LOS ANGELES (CBSLA.com) — For the next three weeks, Union Station will be more than just a transportation hub.

As KNX 1070’s Claudia Peschiutta reports, it will also be the stage for a unique opera in which the performers can easily be confused for passengers.

Sitting on a bench in a courtyard at Union Station, wearing a hoodie and carrying a backpack, one man looks like any other traveler just waiting for a train. But looks are deceiving.

The traveler is actually one of the performers of ” Invisible Cities,” an opera based on the novel by Italo Calvino.

The paying audience hears the orchestra and the singers through wireless headphones. There are no sets.

The audience has to walk around to see the show. The performers, in turn, blend in with the typical goings-on at the station.

The scenes play out in different parts of the station — confusing, surprising and delighting passengers. Peschiutta encountered several passengers who were a bit of all three.

Talking on her cellphone while waiting for a train to Oceanside, one woman tells a friend about the opera going on around her.

“Can you hear this?,” she says to her friend.

“All of a sudden these beautiful people started performing. I thought I was in a movie! I did,” the woman told Peschiutta.

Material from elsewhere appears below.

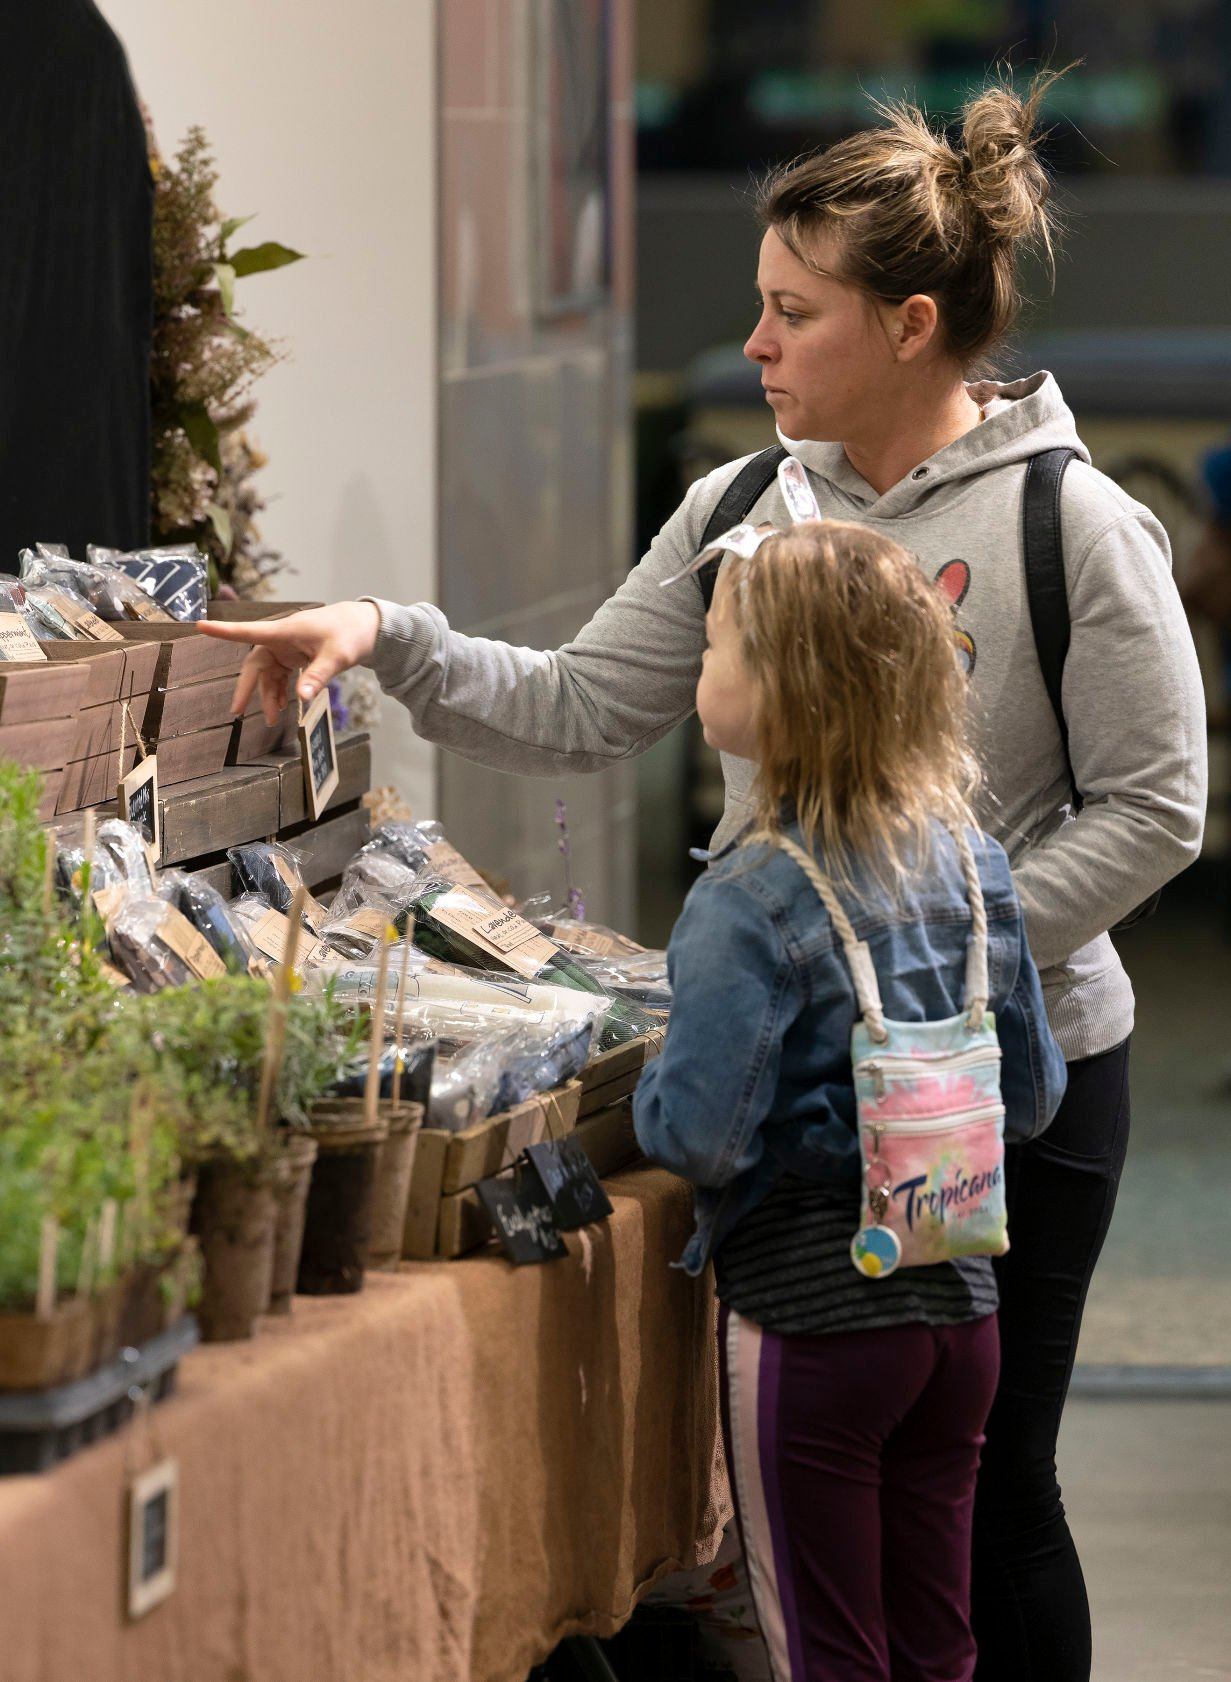 Jessica Flatin and her daughter Charley shop at Dobie’s stand during the winter farmers market at Kennedy Mall in April.    PHOTO CREDIT: Stephen Gassman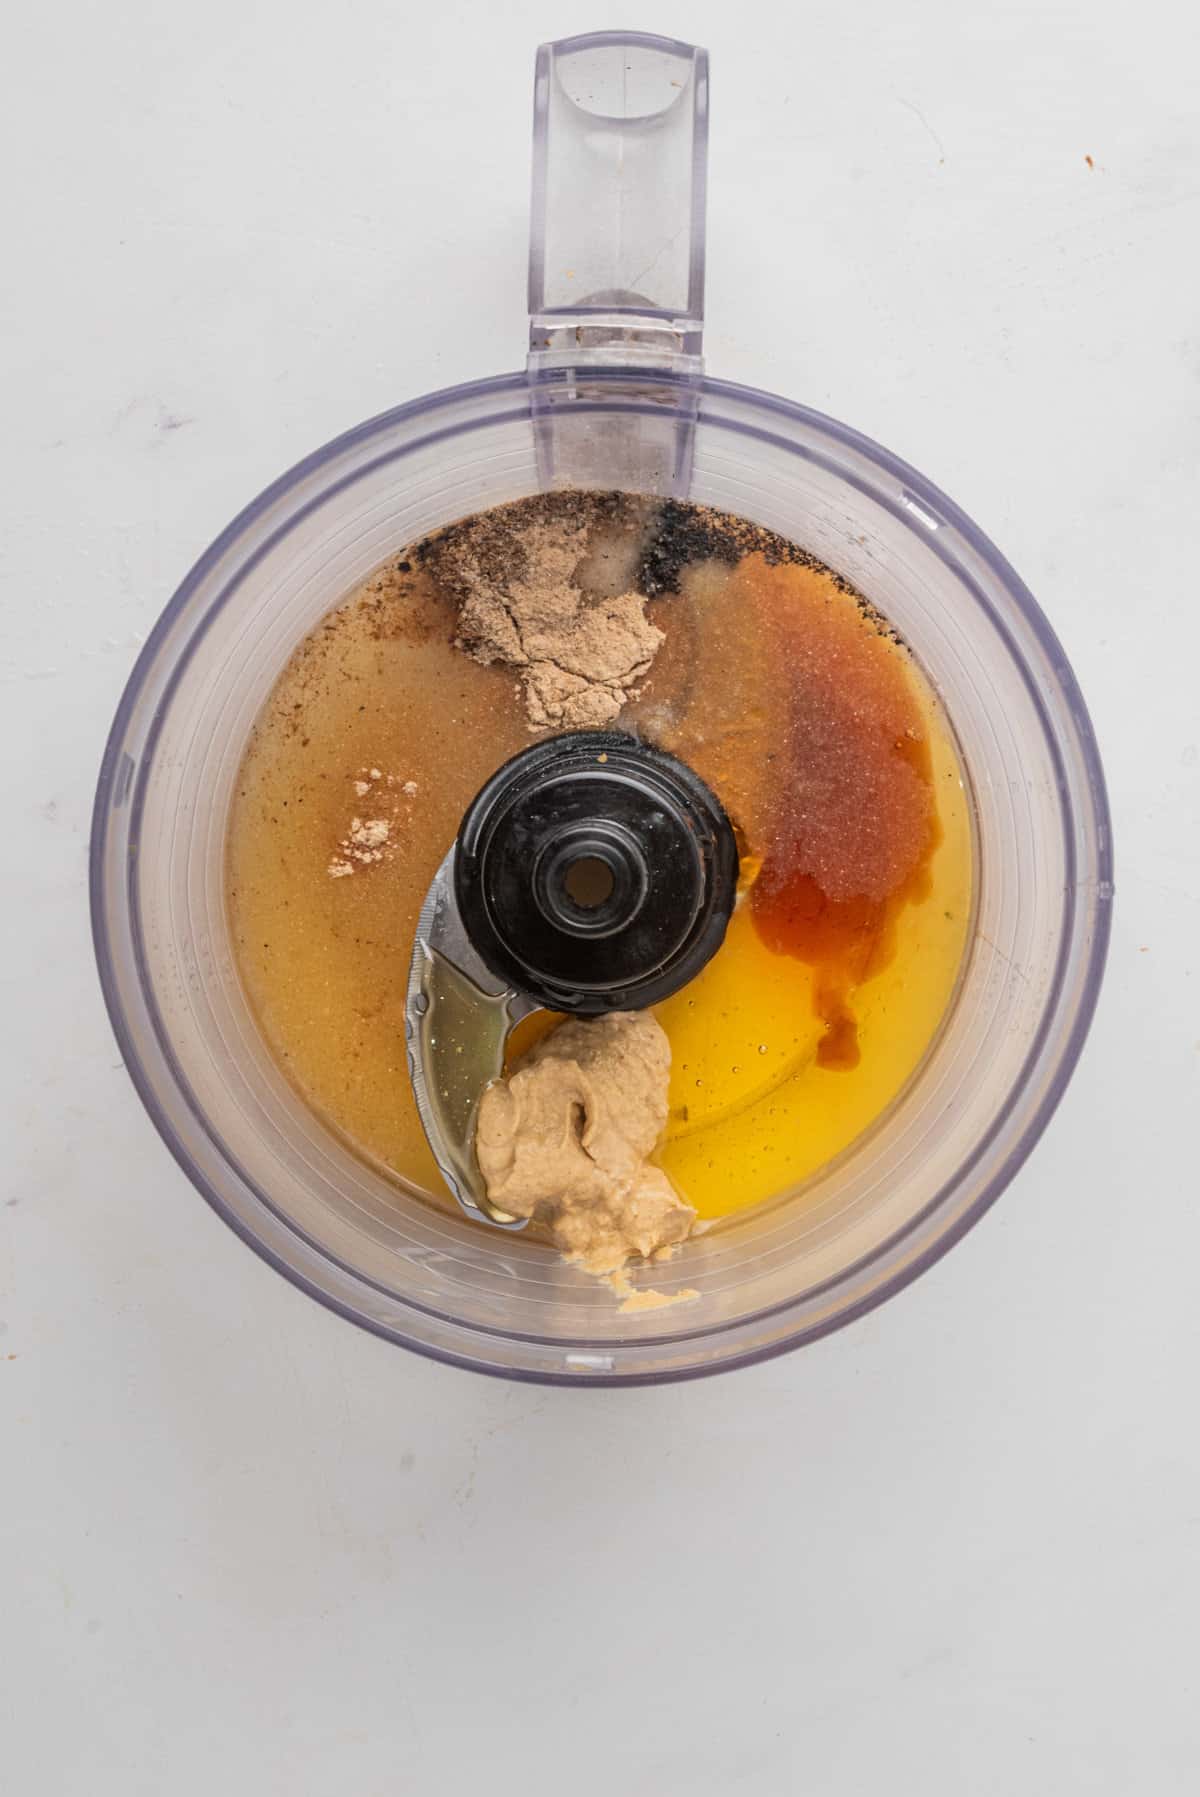 An image of the ingredients of the salad dressing in a blender.

“It really is a dynamic experience for everyone involved,” said David Mack, general manager of the Industry, the LA-based opera company that is co-producing the show with the LA Dance Project.

The performers blend in really well. Maybe even too well.

Peschiutta mistook one man for a passenger.  She even explained the concept of the show to him. “Then I lent him my headphones. Only later did I realize he was one of the dancers!”

“I think art belongs at the center of life. The message of the novel is summarized beautifully in the line ‘It is not the voice that commands the story it is the ear.’  It’s not about the speaker’s experience, it’s about the audience listening and interpreting, no two people will take the same meaning away from this experience, and I think that’s what’s really beautiful about it,” said Yuval Sharon, the director behind “Invisible Cities.”

Performances of “Invisible Cities” continue at Union Station through November 8.